Politix
Politique(s) des générations, n° 96, 4 /2011
En vingt ans, cette revue, animée par des chercheurs et des universitaires, est devenue l'une des revues de référence dans son champ académique. Sensible à la dimension politique des phénomènes sociaux, Politix entend renouveler les thèmes abordés par la science politique et décloisonner ainsi la discipline dans la perspective d'un véritable débat interdisciplinaire.
L’enjeu de ce dossier est de revisiter ce lieu commun de la science politique qu’est la notion de génération, pour penser autrement les rapports intergénérationnels dans le champ politique et pour l’enrichir des avancées récentes des autres sciences sociales.
Prenant le contre-pied d’une conception très répandue faisant des générations des groupes naturels et homogènes, on découvre dans la plupart des contributions des groupes définis, moins par leur année de naissance et leur implication dans un événement "historique", que par leurs conditions d’entrée et de formation au sein d’une institution ou d’un groupement fonctionnant comme une instance de socialisation. Ce qui apparaît souvent comme des "conflits de générations" renvoie en réalité à la confrontation de différentes histoires sociales, individuelles et collectives. Ce que le sens commun présente comme des oppositions entre "jeunes" et "vieux" correspond le plus souvent à des différences de rapport à l’institution scolaire, au marché du travail et au monde politique.
Le cas des cadres des collectivités territoriales étudié par Émilie Biland illustre l’intérêt d’appliquer la notion de "situation de génération" à la question de la politisation. Le mode de recrutement, le statut d’emploi et le déroulement de carrière des plus jeunes s’opposent en tous points à ceux de leurs aînés, et conditionnent leur rapport au politique et leurs relations avec les élus.
Caroline Frau, quant à elle, a choisi les buralistes. La description fine qu’elle propose des différents modes d’insertion dans le syndicalisme montre que, derrière le très visible "conflit de génération", c’est l’élévation du niveau de formation qui a contribué à redéfinir les critères de la représentation professionnelle chez ces petits indépendants.

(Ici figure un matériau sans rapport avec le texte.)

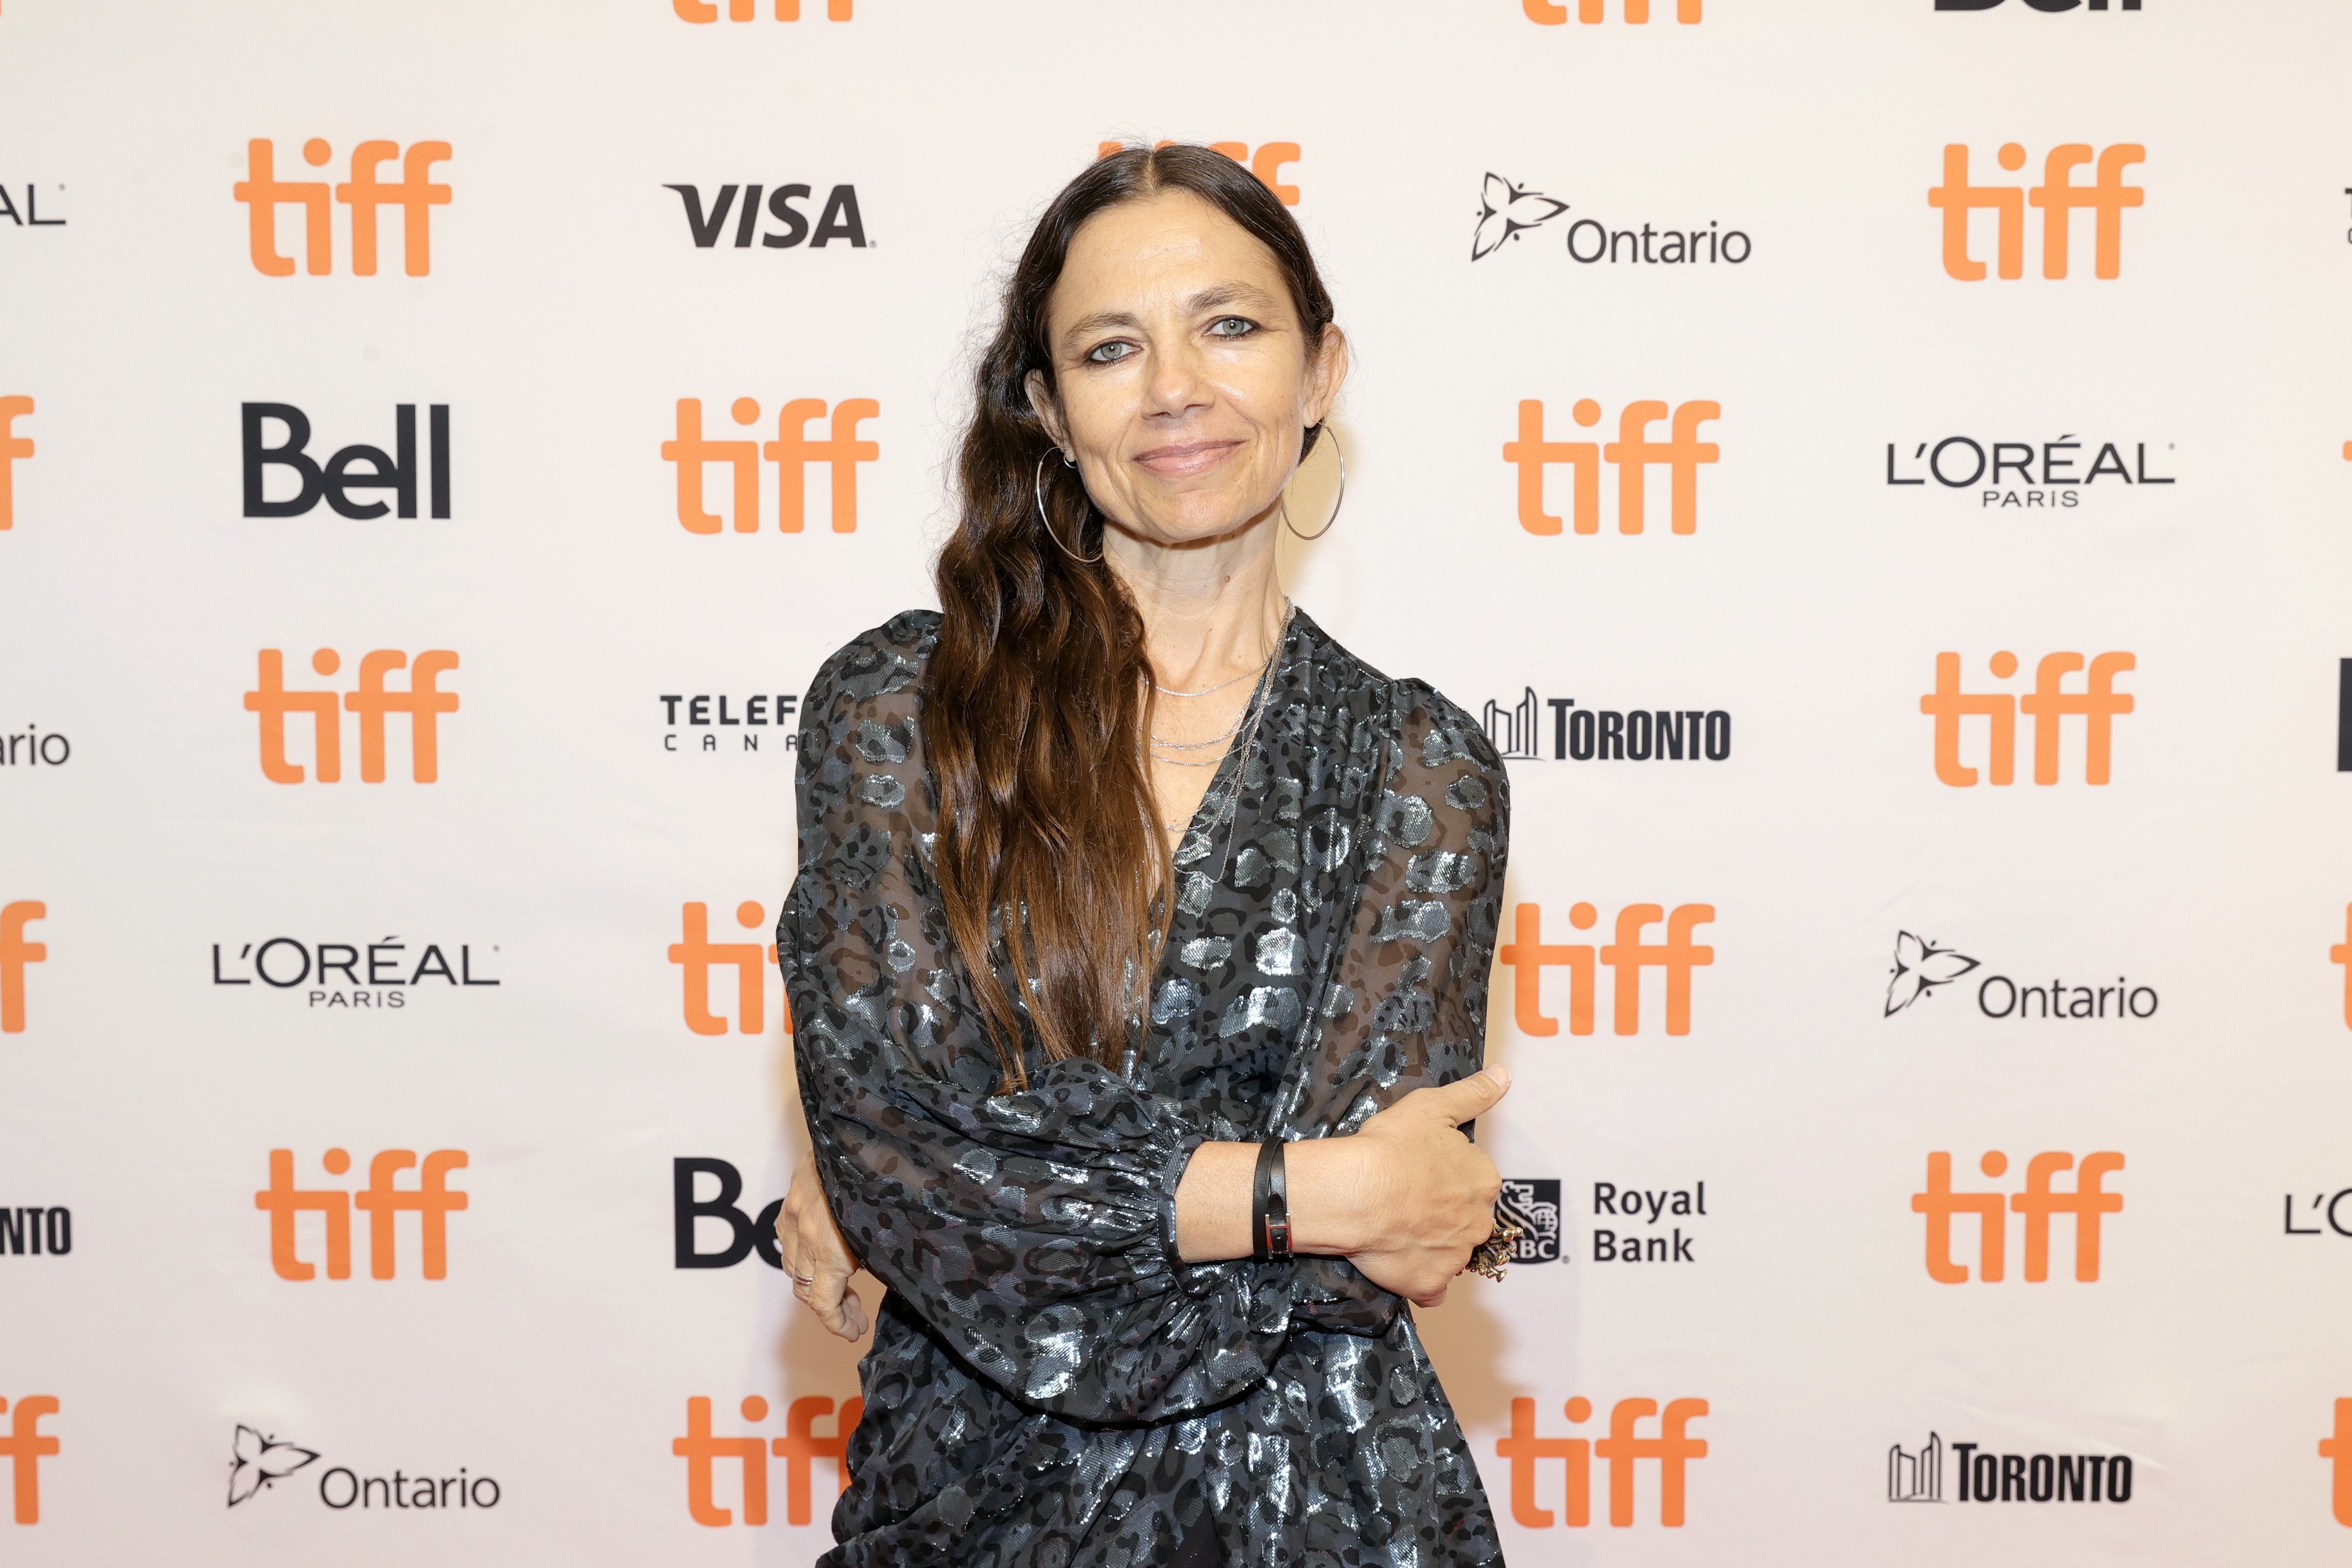 Justine Bateman poses on the carpet at the Violet photo call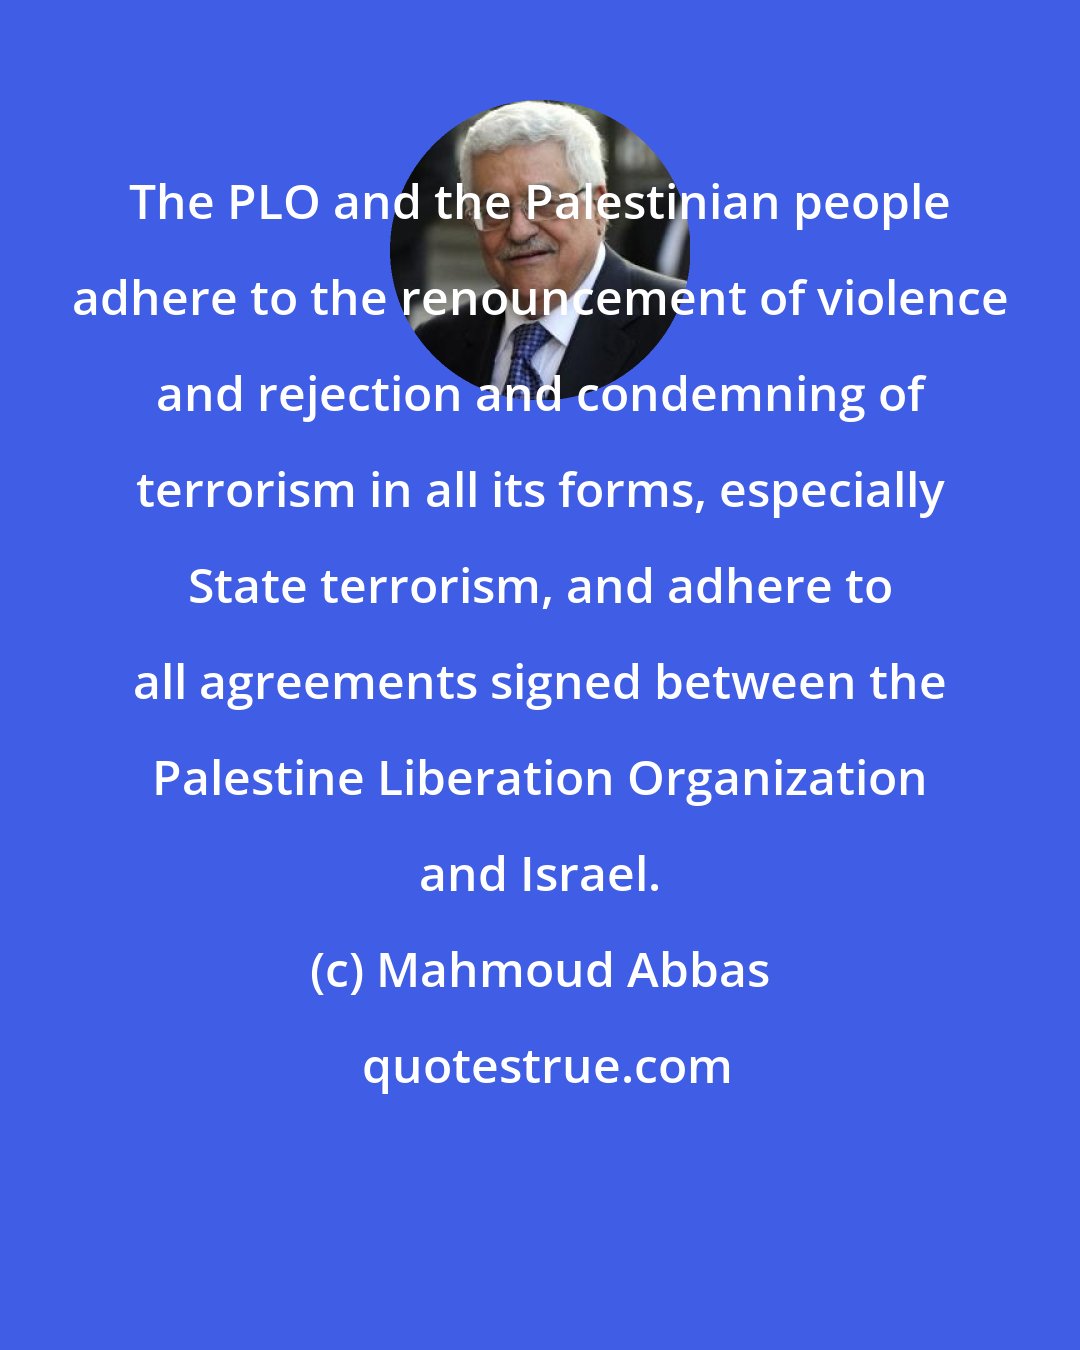 Mahmoud Abbas: The PLO and the Palestinian people adhere to the renouncement of violence and rejection and condemning of terrorism in all its forms, especially State terrorism, and adhere to all agreements signed between the Palestine Liberation Organization and Israel.

Aurélie Llobet révèle, dans son étude sur les transformations des enseignants du secondaire, que l’engagement politique est avant tout structuré par le rapport au métier, qui est le produit d’un mode d’accès à la profession et d’un rapport singulier à l’institution scolaire. Au schéma traditionnel opposant vieux enseignants syndiqués et jeunes apolitiques, elle substitue une analyse découpant le corps des enseignants du secondaire en trois générations distinctes.
Ce qui rassemble les militants des organisations de défense de retraités étudiés par Alexandre Lambelet, c’est moins la volonté de défendre une cause commune que le résultat d’une double logique sociale : l’exclusion d’autres lieux du militantisme en raison de leur âge et leur volonté de se retrouver avec des militants appartenant à la même génération.
Jean-Philippe Tonneau s’intéresse, de son côté, aux deux premières générations du Syndicat des avocats de France : les fondateurs communistes et les avocats issus de l’extrême gauche adhérant à la fin des années 1970. Il explique comment la coexistence quotidienne au sein de la profession et du syndicat contribue à atténuer les tensions entre ces générations d’avocats-militants.
Enfin, à partir de l’exemple de la Province dominicaine de France, Yann Raison du Cleuziou montre comment se différencient les habitus des religieux au fil des années 1950-1960, puis comment l’Ordre va être mis en crise au nom des "jeunes" par une génération de dominicains qui accèdent aux positions dominantes et voient dans la contestation de mai 1968 une occasion d’imposer les réformes qu’ils souhaitent.